▶ **Try it**
Your answer should consist only of the lines below from the one with "BOTPOST [BOTPOST] Testingtestingnice" through the one with "Svarta popperpants med", copied exactly.

▶ **Extracted information**
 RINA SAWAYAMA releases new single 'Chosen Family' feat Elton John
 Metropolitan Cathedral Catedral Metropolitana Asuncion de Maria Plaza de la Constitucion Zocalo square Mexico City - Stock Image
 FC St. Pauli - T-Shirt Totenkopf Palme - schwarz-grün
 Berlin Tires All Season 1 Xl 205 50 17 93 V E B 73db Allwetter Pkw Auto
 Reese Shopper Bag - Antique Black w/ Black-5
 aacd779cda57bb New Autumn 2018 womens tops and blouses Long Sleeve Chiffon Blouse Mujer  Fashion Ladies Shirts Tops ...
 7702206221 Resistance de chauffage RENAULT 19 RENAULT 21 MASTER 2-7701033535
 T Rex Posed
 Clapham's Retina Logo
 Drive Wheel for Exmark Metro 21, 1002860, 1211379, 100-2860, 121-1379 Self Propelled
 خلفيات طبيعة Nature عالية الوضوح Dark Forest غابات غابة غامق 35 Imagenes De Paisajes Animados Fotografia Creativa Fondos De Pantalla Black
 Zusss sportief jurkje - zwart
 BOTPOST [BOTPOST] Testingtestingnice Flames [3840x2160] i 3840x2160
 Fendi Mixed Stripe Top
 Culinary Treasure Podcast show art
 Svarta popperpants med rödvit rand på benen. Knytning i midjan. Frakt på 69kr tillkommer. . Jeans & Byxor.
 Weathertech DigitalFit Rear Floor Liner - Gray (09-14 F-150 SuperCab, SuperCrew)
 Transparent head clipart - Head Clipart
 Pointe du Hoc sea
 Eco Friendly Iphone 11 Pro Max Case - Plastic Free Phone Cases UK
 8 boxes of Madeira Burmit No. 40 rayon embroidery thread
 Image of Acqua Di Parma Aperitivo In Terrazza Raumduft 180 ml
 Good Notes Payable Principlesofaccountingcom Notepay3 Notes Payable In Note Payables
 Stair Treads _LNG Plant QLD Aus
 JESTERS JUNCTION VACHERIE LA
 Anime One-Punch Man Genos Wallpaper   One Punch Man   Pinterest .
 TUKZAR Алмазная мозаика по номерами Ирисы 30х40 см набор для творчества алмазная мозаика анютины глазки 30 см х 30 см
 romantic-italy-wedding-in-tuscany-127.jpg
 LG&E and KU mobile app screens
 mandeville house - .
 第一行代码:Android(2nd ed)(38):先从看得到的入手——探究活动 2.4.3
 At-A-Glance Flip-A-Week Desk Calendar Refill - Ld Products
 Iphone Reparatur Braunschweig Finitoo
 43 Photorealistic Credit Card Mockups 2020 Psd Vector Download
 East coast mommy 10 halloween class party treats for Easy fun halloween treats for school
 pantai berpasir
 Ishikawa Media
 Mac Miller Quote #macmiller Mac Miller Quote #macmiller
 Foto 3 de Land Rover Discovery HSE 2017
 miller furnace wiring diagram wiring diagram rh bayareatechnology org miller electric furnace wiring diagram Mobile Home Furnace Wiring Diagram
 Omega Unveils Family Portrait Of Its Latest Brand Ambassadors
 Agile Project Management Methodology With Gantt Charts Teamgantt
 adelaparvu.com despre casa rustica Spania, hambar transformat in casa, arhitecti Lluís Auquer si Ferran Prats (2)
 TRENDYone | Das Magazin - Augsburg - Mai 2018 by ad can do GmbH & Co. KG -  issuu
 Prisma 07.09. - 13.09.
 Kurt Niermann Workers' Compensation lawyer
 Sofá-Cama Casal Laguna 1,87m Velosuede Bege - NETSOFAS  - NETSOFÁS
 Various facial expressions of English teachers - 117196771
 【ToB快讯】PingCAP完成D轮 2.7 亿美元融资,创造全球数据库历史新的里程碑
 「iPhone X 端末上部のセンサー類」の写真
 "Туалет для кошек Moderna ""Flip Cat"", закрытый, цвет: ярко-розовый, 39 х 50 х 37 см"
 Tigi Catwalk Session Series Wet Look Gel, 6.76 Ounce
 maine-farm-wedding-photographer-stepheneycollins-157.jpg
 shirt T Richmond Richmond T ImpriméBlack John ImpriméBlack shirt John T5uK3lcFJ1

▶ **Completed exercise**
 BOTPOST [BOTPOST] Testingtestingnice Flames [3840x2160] i 3840x2160
 Fendi Mixed Stripe Top
 Culinary Treasure Podcast show art
 Svarta popperpants med rödvit rand på benen. Knytning i midjan. Frakt på 69kr tillkommer. . Jeans & Byxor.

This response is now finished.